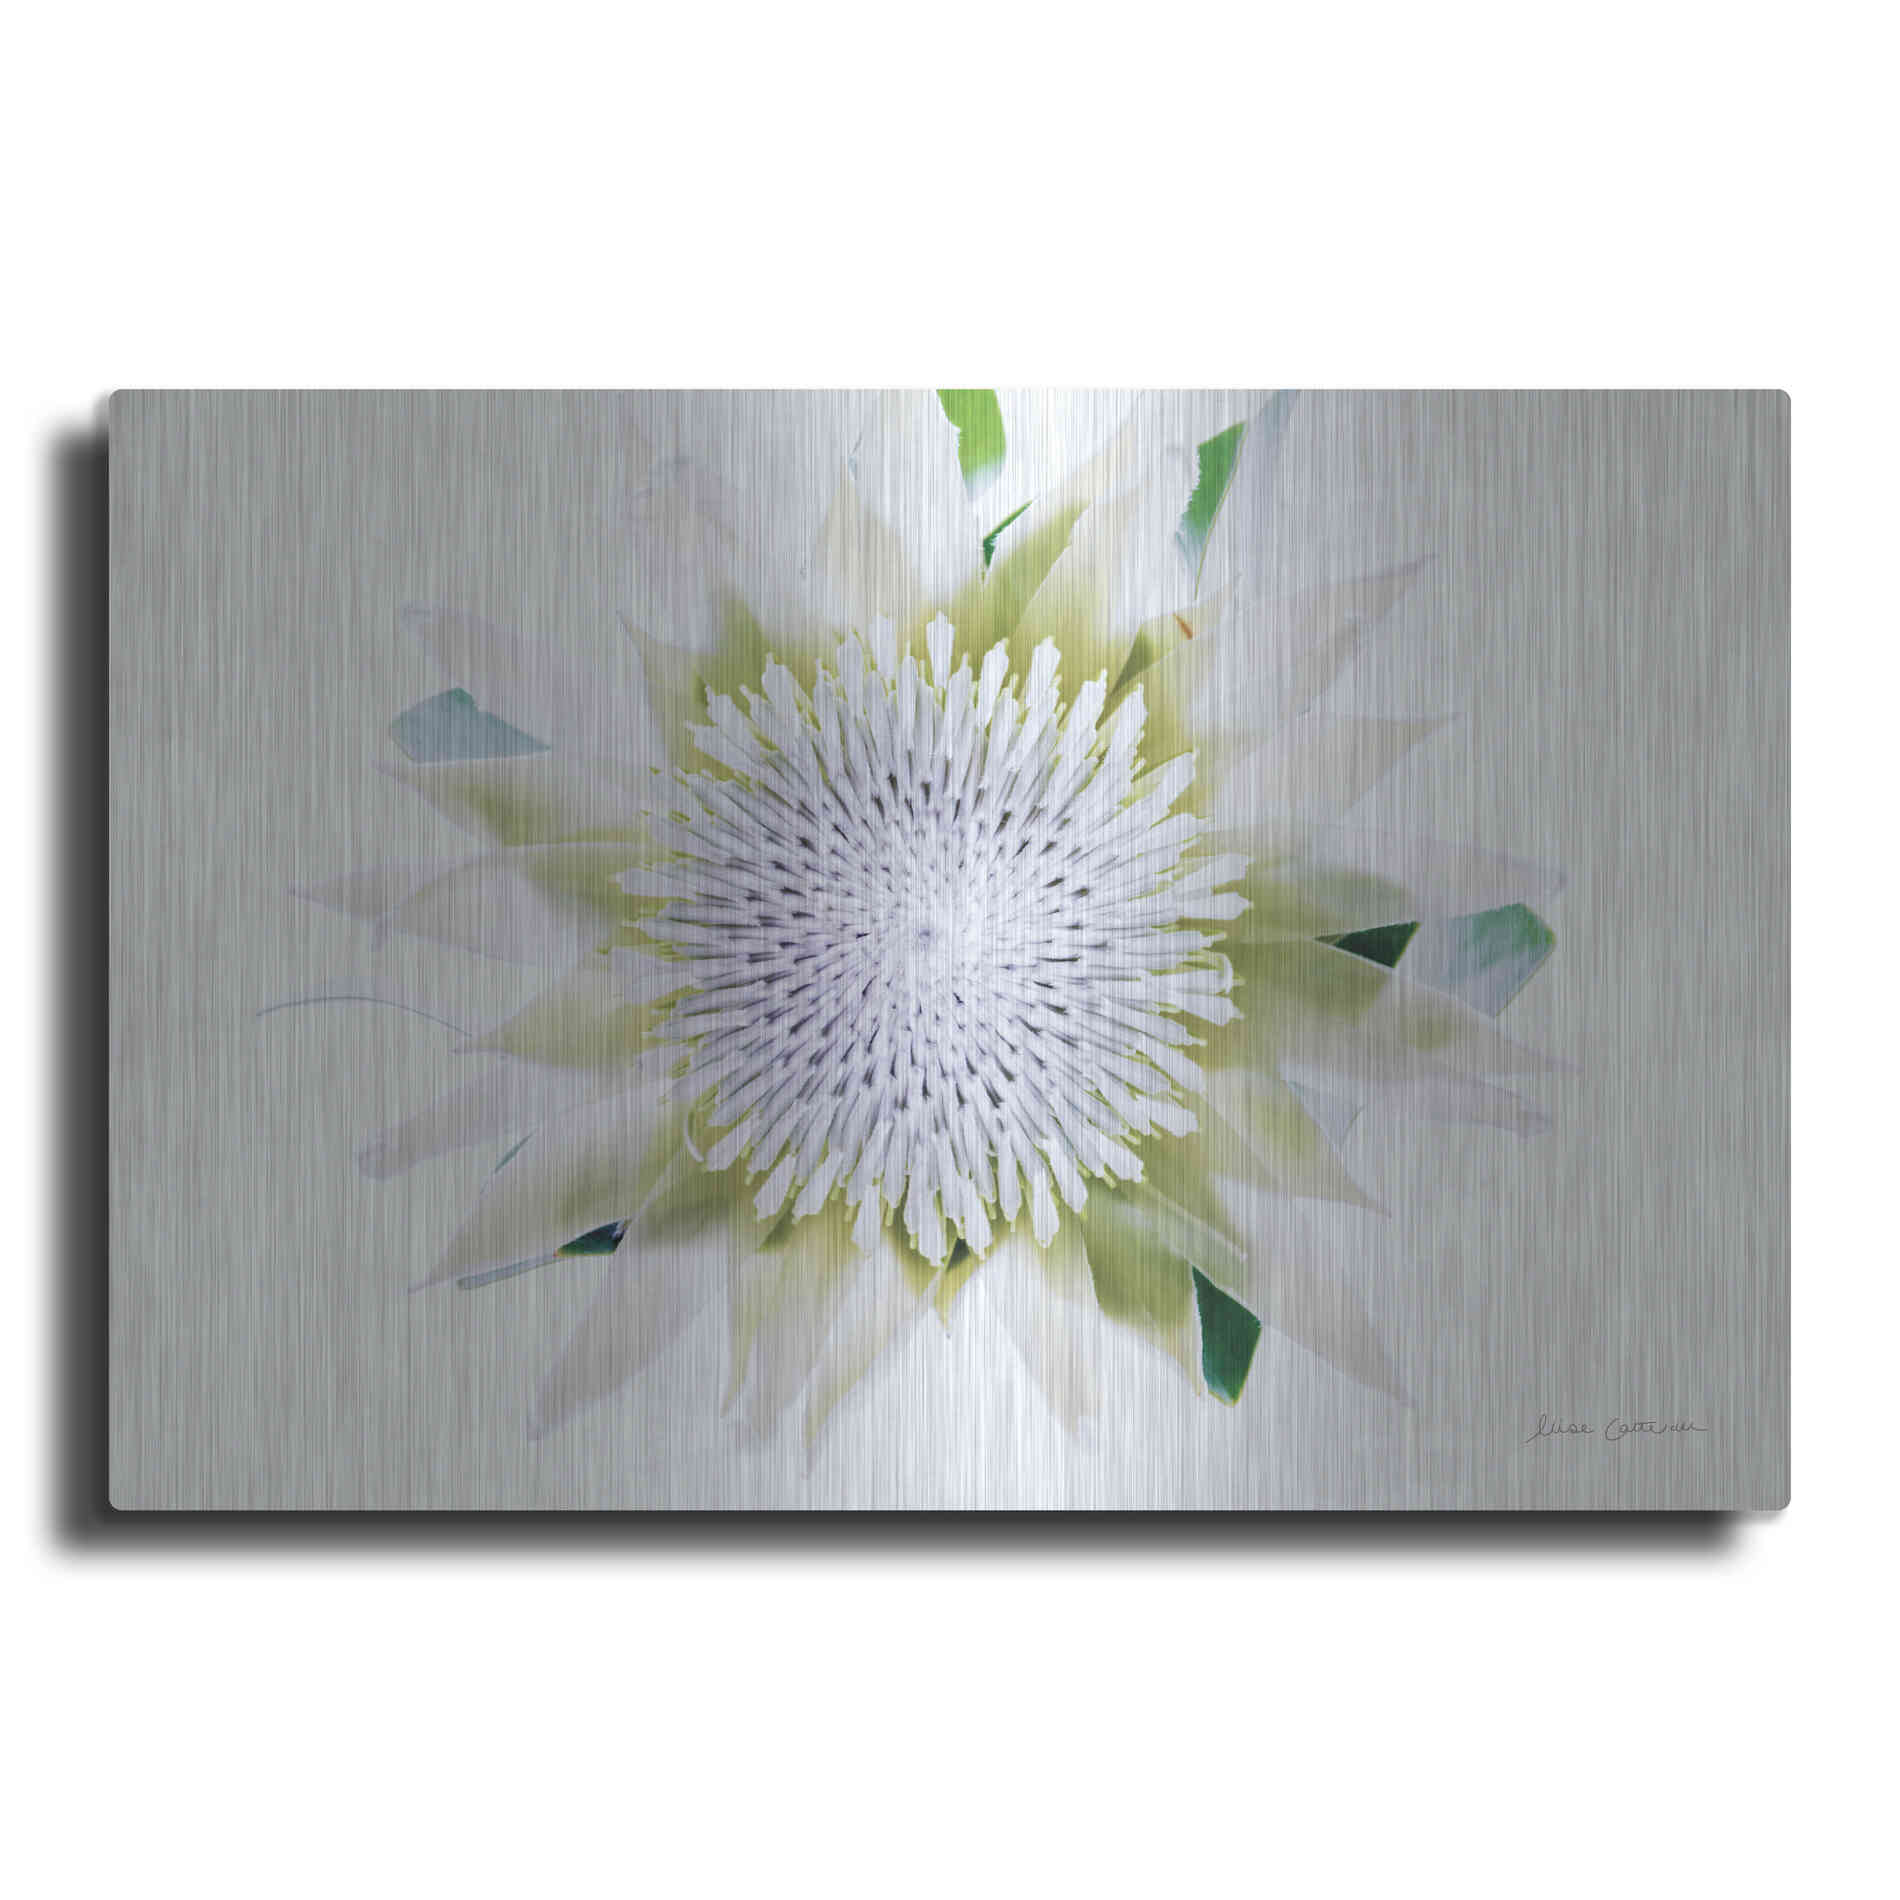 Luxe Metal Art 'Protea Center I' by Elise Catterall, Metal Wall Art
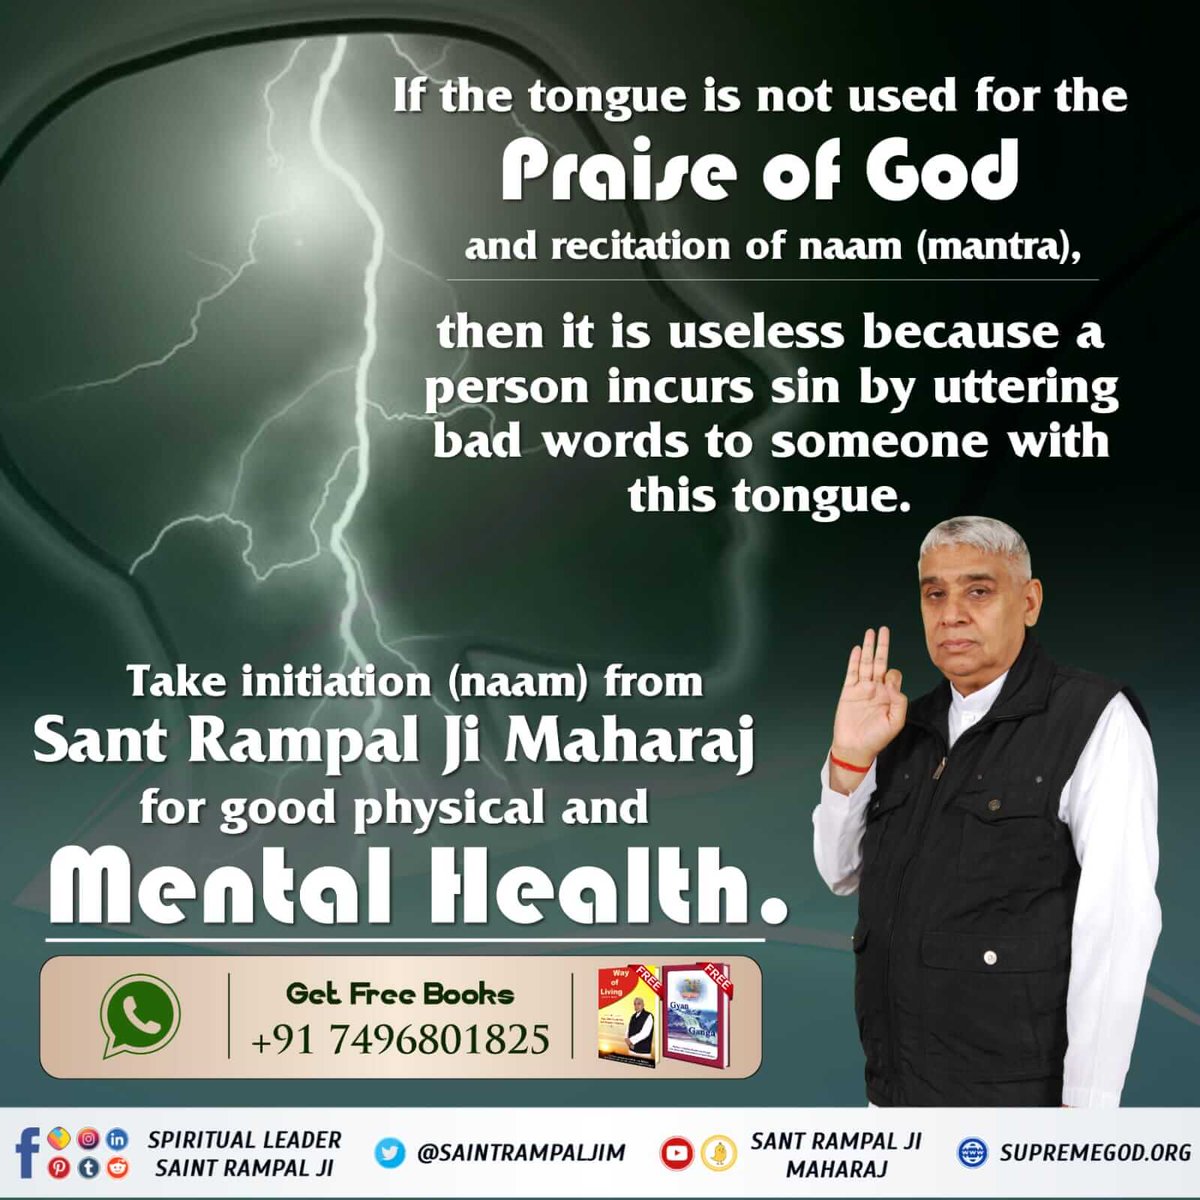 #GodMorningWednesday 
If the tougue is not used for the
Praise of God
and recitation of naam (mantras),
then it is useless because a person incurs sin by uttering band words to someone with this tongue.
@SaintRampalJiM 
Visit Saint Rampal Ji Maharaj YouTube Channel
#Wednesdayvibe
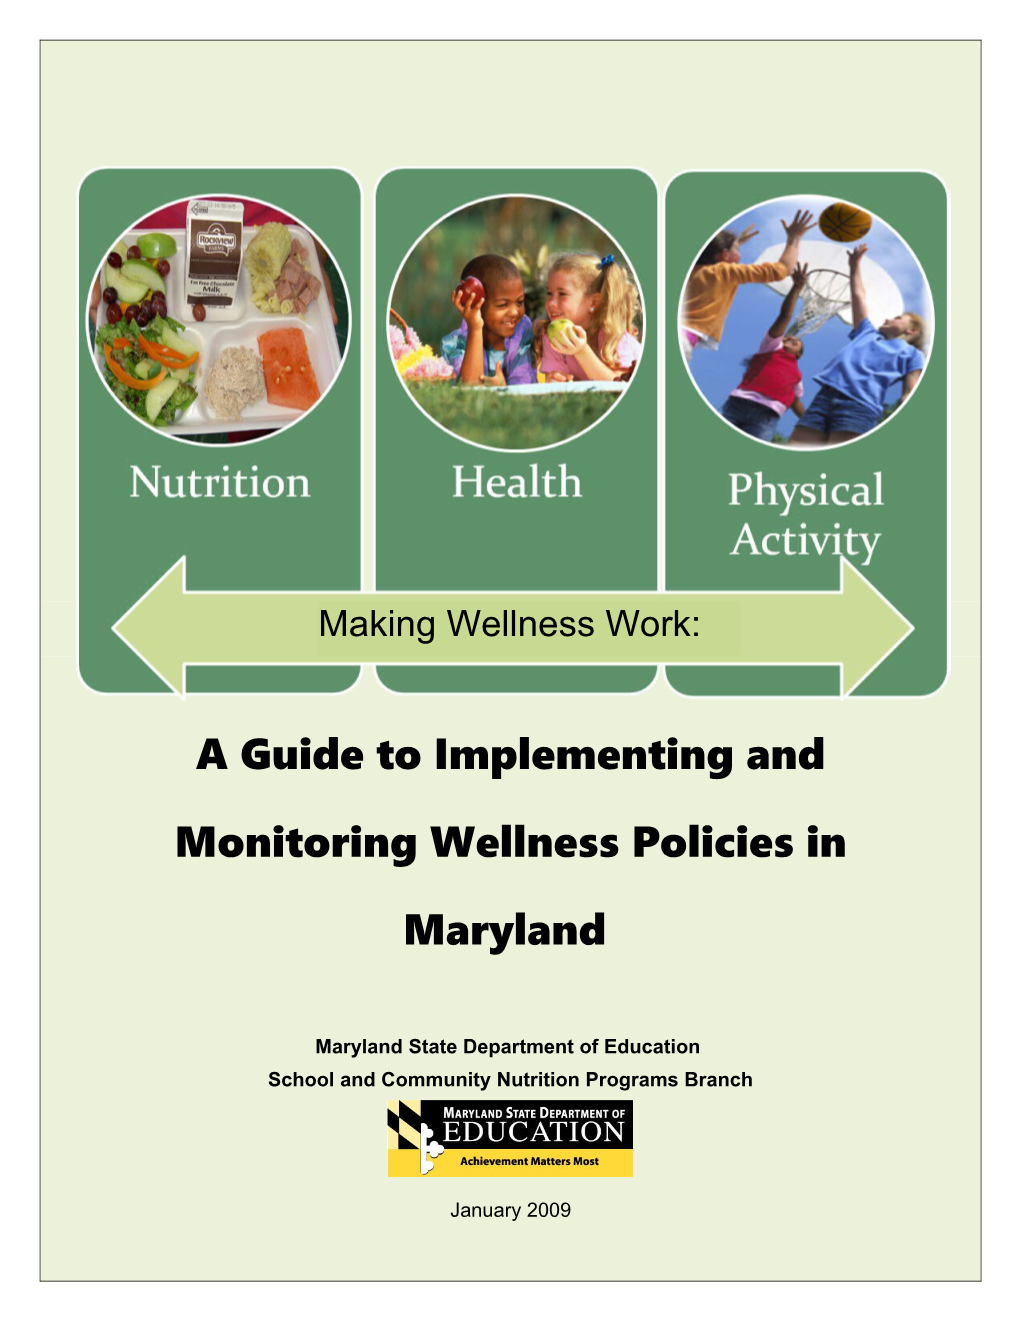 A Guide to Implementing and Monitoring Wellness Policies in Maryland

☆ ☆ ☆ ☆ ☆

> [ASSIGNMENT]:
Write out an exact copy of the lines beginning at the line that contains "#Wednesdayvibe" and ending at the last line of the listing. Exclude pictures.

> [WRITTEN RESPONSE]:
#Wednesdayvibe
 A Guide to Implementing and Monitoring Wellness Policies in Maryland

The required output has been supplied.